Many schools have adopted programming designed to promote students' behavioral aptitude. A specific type of programming with this focus is School Wide Positive Behavior Supports (SWPBS), which combines positive behavior

Many schools have adopted programming designed to promote students' behavioral aptitude. A specific type of programming with this focus is School Wide Positive Behavior Supports (SWPBS), which combines positive behavior techniques with a system wide problem solving model. Aspects of this model are still being developed in the research community, including assessment techniques which aid the decision making process. Tools for screening entire student populations are examples of such assessment interests. Although screening tools which have been described as "empirically validated" and "cost effective" have been around since at least 1991, they have yet to become standard practice (Lane, Gresham, & O'Shaughnessy 2002).
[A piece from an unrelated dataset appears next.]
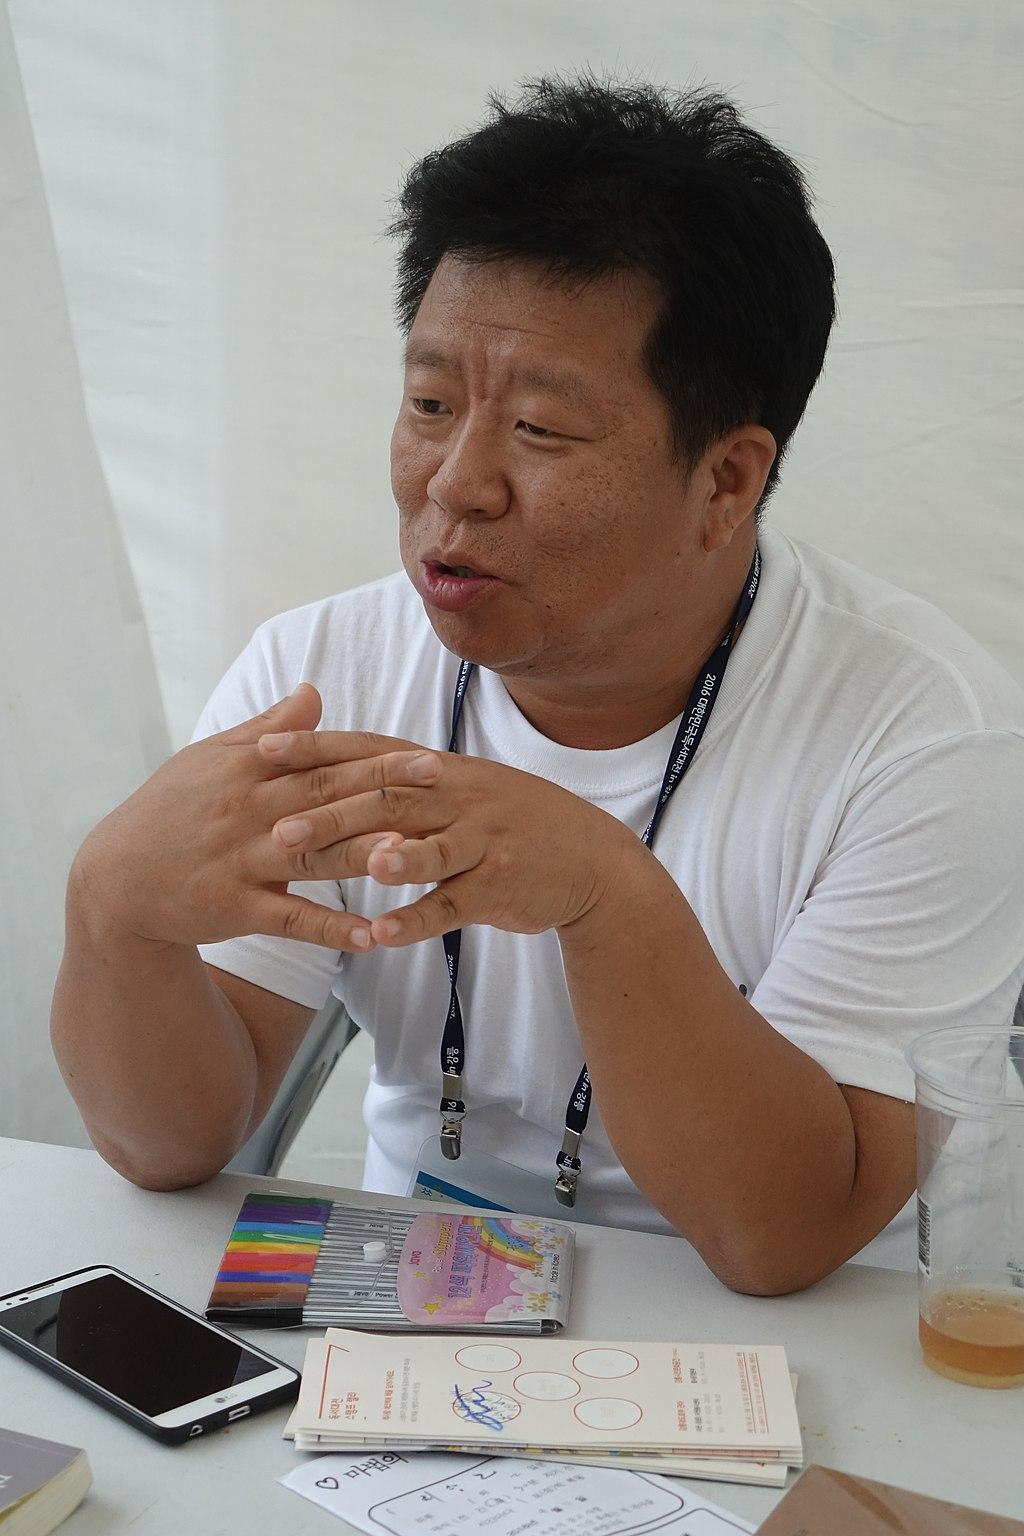 독서동아리 오니 회장 권학주 2016년 9월 11일 독서대전 DSC04992
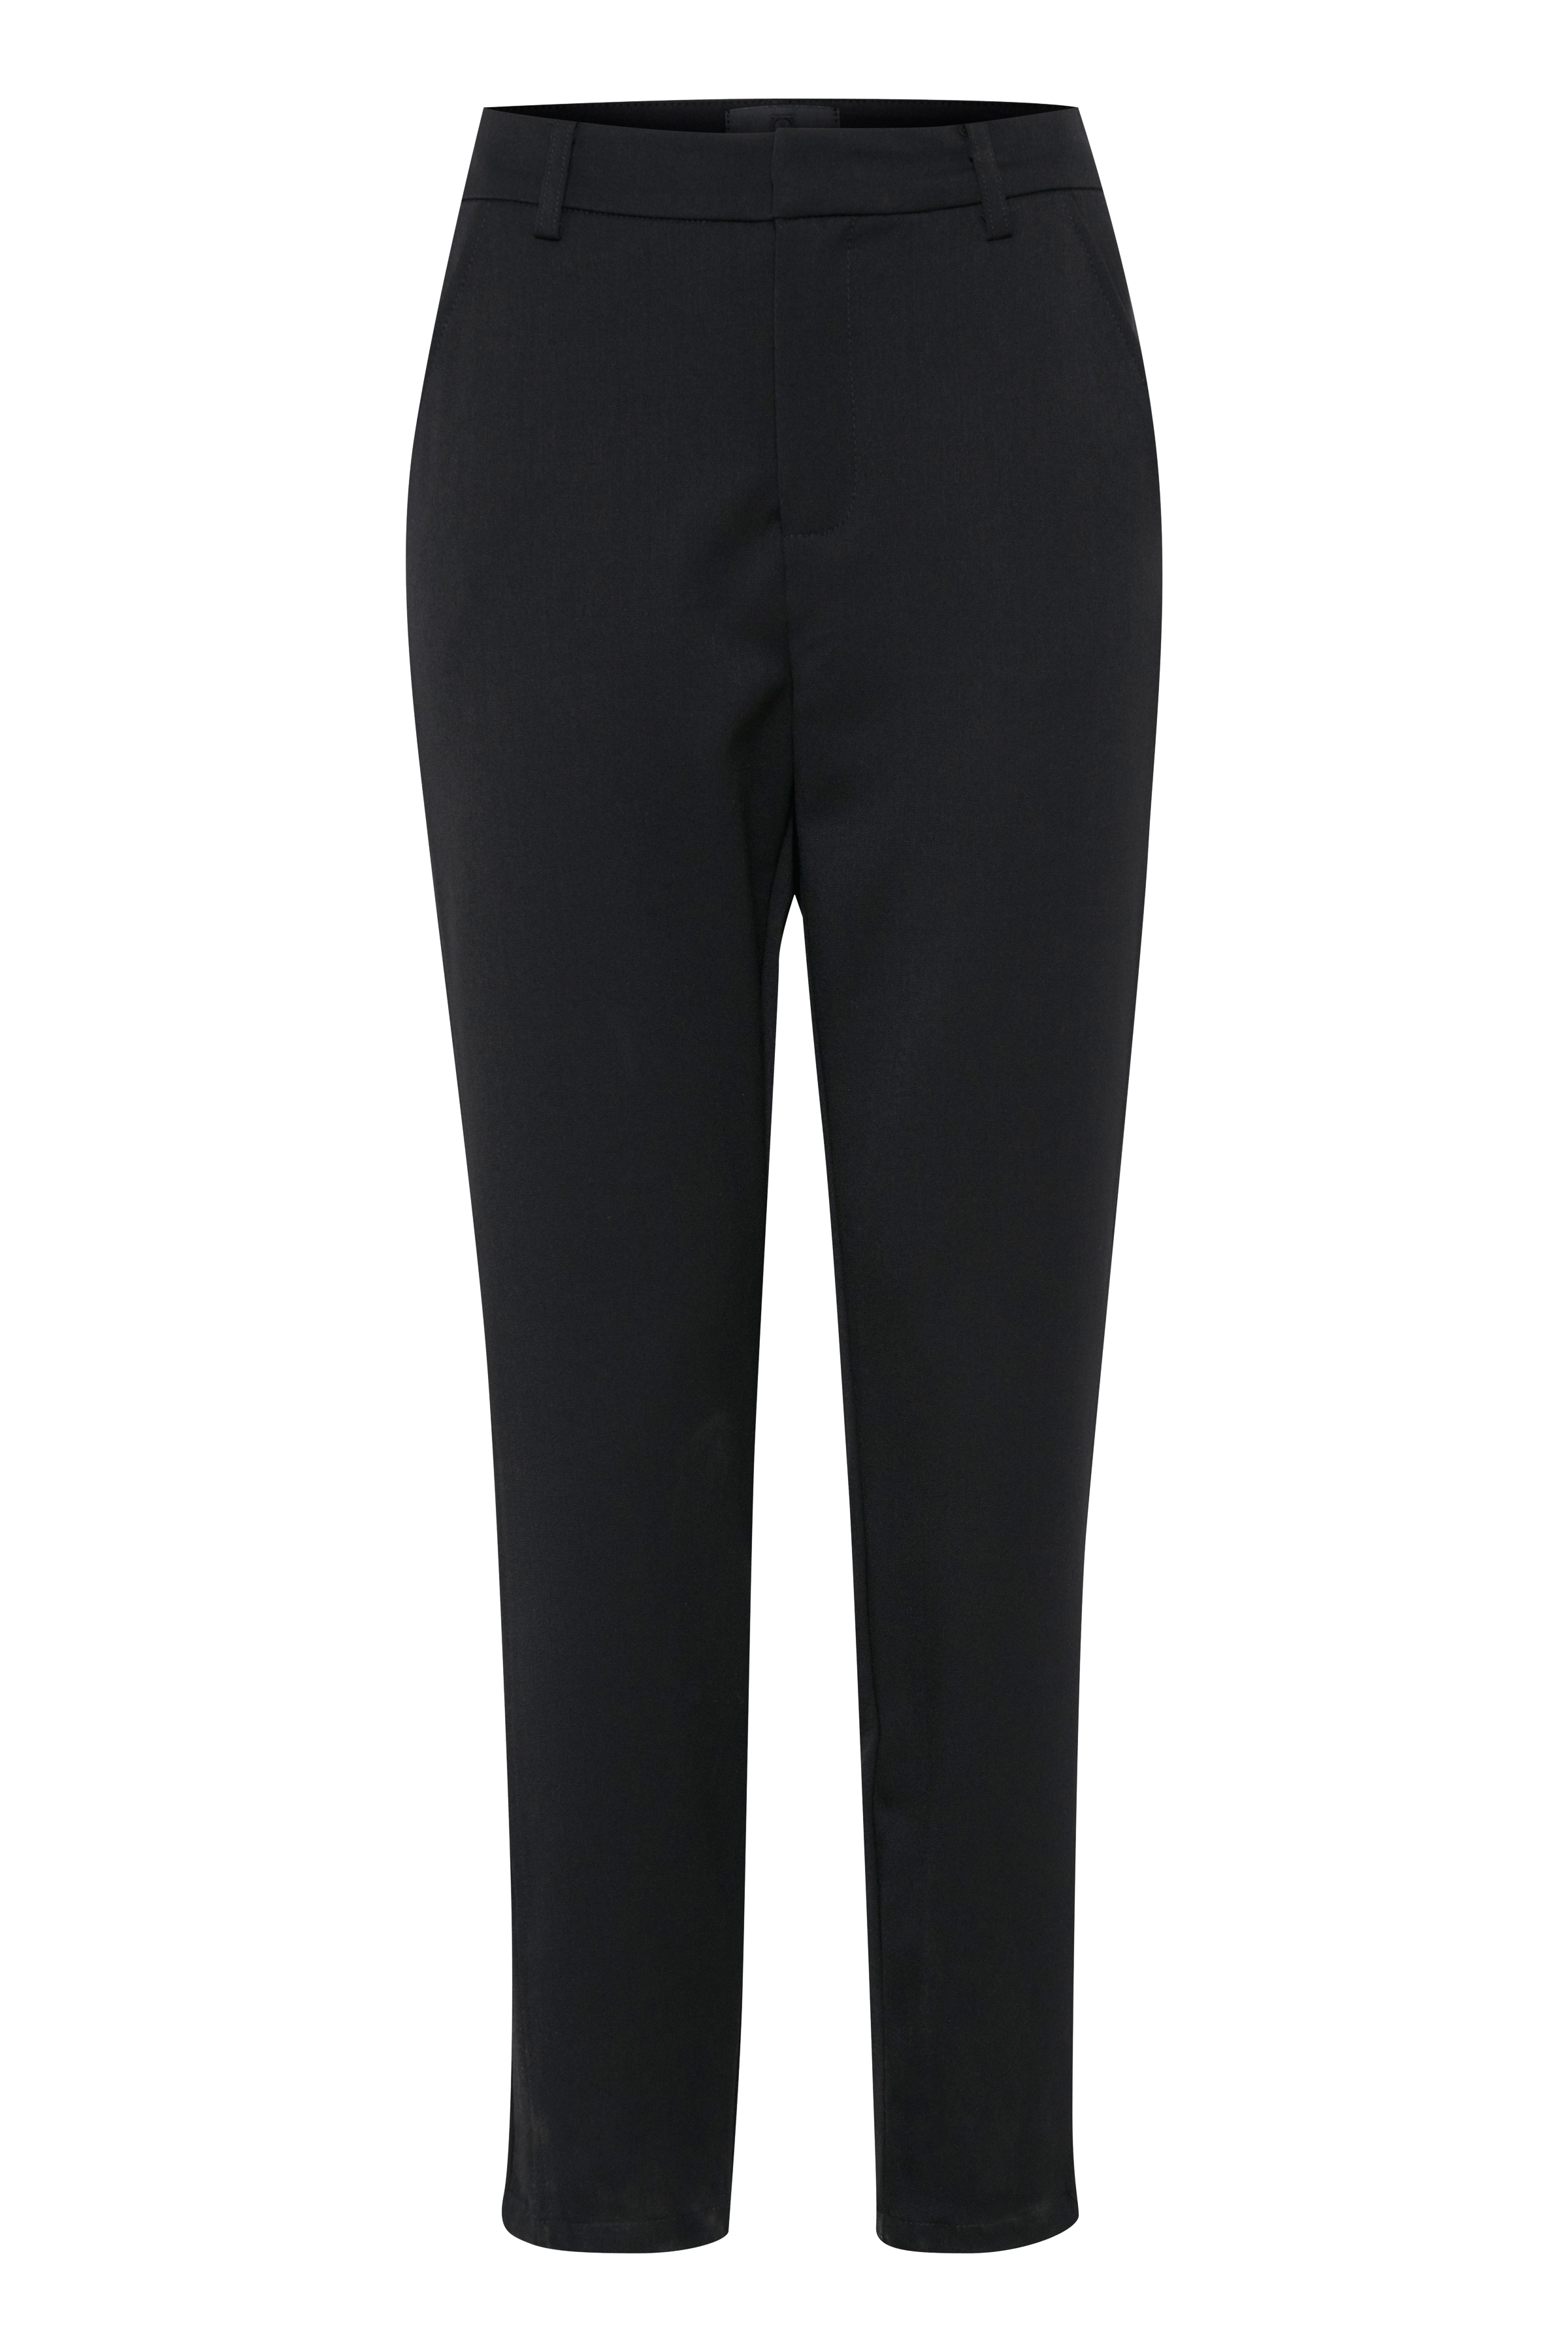 Sort Casual bukser fra Pulz Jeans – Køb Sort Casual bukser fra str. 32-46 her

The lack of widespread implementation to date raises questions regarding their ecological validity and actual cost-effectiveness, leaving the development of useful tools for screening an ongoing project for many researchers. It may be beneficial for educators to expand the range of measurement to include tools which measure the symptoms at the root of the problematic behaviors. Lane, Grasham, and O'Shaughnessy (2002) note the possibility that factors from within a student, including those that are cognitive in nature, may influence not only his or her academic performance, but also aspects of behavior. A line of logic follows wherein measurement of those factors may aid the early identification of students at risk for developing disorders with related symptoms. The validity and practicality of various tools available for screening in SWPBS were investigated, including brief behavior rating scales completed by parents and teachers, as well as performance tasks borrowed from the field of neuropsychology. All instruments showed an ability to predict children's behavior, although not to equal extents. A discussion of practicality and predictive utility of each instrument follows.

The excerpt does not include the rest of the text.